AlurNews.com – Seorang Asisten Griya Tangga (ART) di Batam berinisial NH (28) nekat menghabisi nyawa majikannya seorang diri berinisial L (52) di kediamannya Nan berada di Kelurahan Sungai Jodoh, Kecamatan Batu Ampar, Batam, Pekan (30/8/2026) permulaan masa.

Kapolresta Barelang, Kombes Pol Anggoro Wicaksono berbisik sebelum dinyatakan meninggal korban merasakan kekerasan berulang kali sebelum pada akhirnya meninggal Bumi.

Peristiwa ini terjadi dikarenakan korban sakit jiwa atas perkataan korban, ketika mengerjakan pembersihan toren air Sekeliling pukul 02.00 WIB, Pekan (30/8/2026) permulaan masa.

lafal Juga: Dipicu Perkataan konfirmasi, Seorang ART di Batam Nekat Habisa Nyawa Majikan

“Sebelum peristiwa terjadi, pelaku dan seorang ART lainnya sedang membersihkan toren air Nan berada di lantai 4. Pembersihan ini dijalankan pada Pekan permulaan masa,” Jernih Anggoro ditemui di Polresta Barelang, Senin (31/8/2026).

Berdasarkan keterangannya, pelaku awalnya memukul Paras korban memakai tangan kanan sebanyak sembilan kali.
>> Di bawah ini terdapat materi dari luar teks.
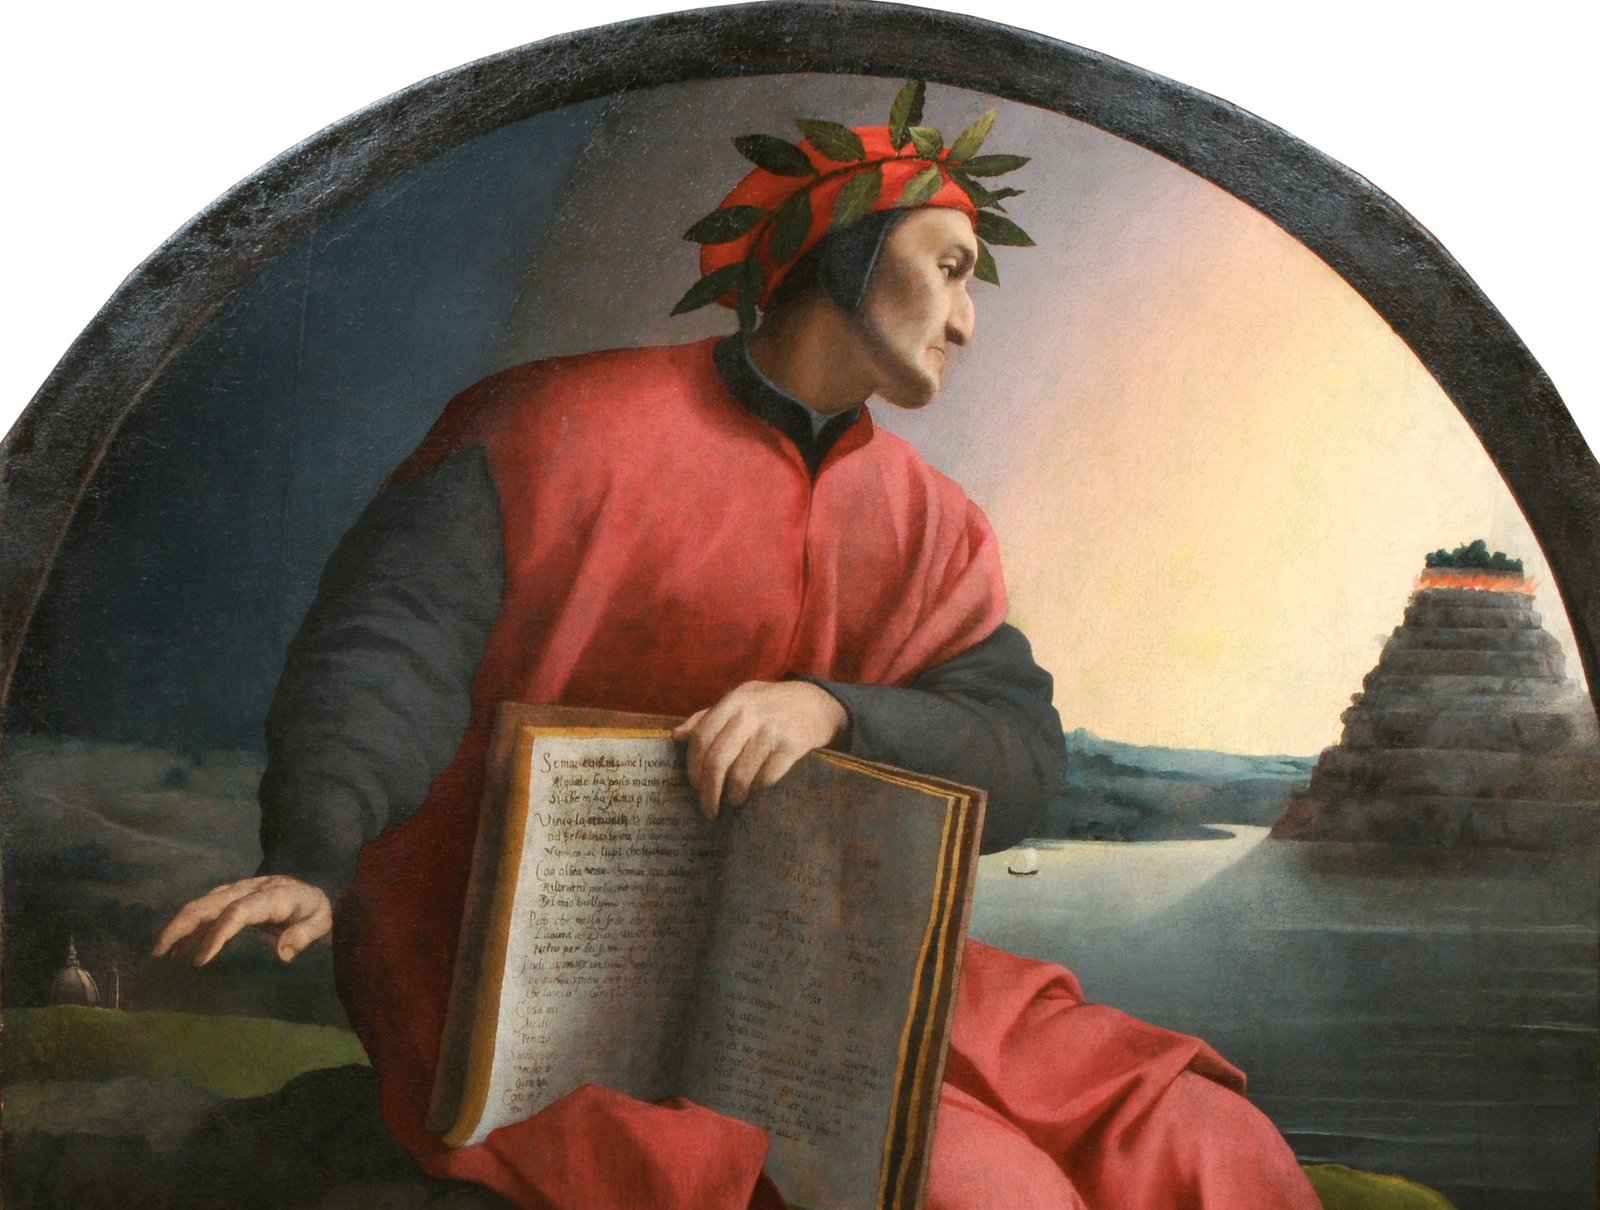 Данте алигьери философия

Setelah itu, pelaku memukul kepala korban Esa kali memakai kursi plastik Mini berwarna biru. langkah tersebut dilanjutkan berdua tiga kali pukulan memakai ember plastik berwarna putih.

Tak berhenti di situ, pelaku kembali memukul kepala korban sebanyak 14 kali memakai kursi plastik berwarna biru. NH kemudian meraih pot Kembang plastik Akbar berwarna merah dan menggunakannya ciptakan memukul kepala korban sebanyak tujuh kali.
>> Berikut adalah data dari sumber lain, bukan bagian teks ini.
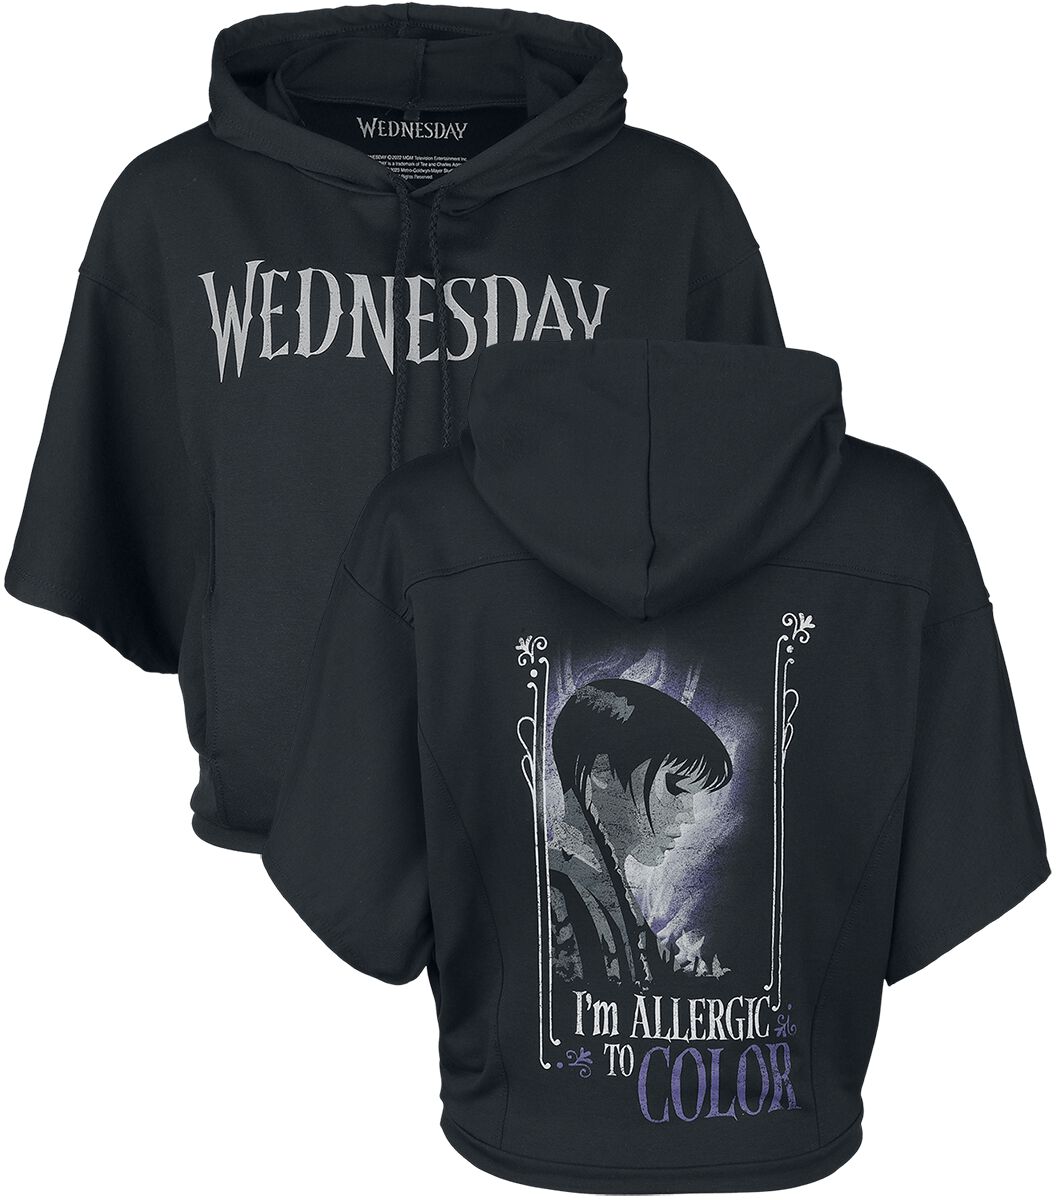 Sweat-shirt à capuche de Wednesday - Colour Allergic - S à XXL - pour Femme - noir

“Pelaku juga kembali mengerjakan pemukulan sebanyak dua kali memakai dua pot Kembang plastik Mini berwarna merah. Serta kembali memukul korban memakai palet kayu,” jelasnya.

langkah kekerasan kemudian makin brutal. NH menusuk korban memakai sebilah pisau dapur bergagang plastik Rona hitam sebanyak delapan kali. Tusukan tersebut mengenai bagian punggung dan dada korban. Setelah itu, pelaku juga menendang kepala korban memakai kaki kanan sebanyak 10 kali.
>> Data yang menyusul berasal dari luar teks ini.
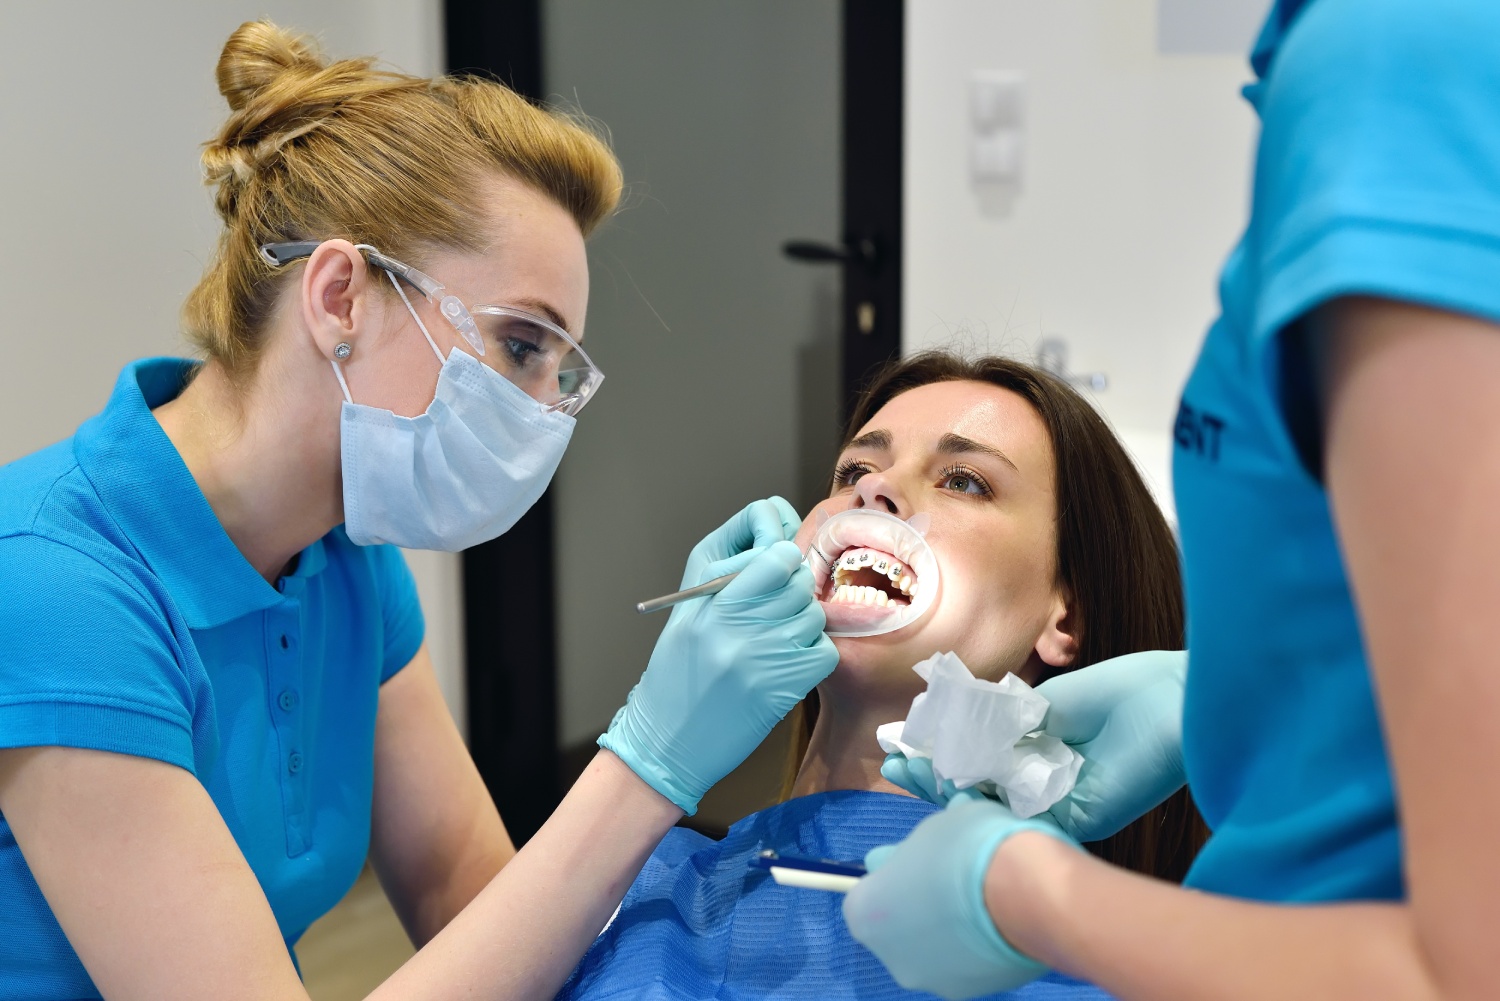 Quando você deve procurar um ortodontista?

“Jadi tapak melakukannya pas miris. kelebihan dari Esa kali dijalankan penganiayaan kepada korban hingga pada akhirnya meninggal Bumi,” ujarnya.

Setelah menyaksikan korban Tak bernyawa, pelaku kemudian kabur menuju kediaman saudaranya Nan berada di kawasan Batam Kota. Suami korban memberitakan peristiwa ini Sekeliling pukul 05.00 WIB, setelah mendapatkan informasi dari saksi Nan juga merupakan ART di Griya tersebut.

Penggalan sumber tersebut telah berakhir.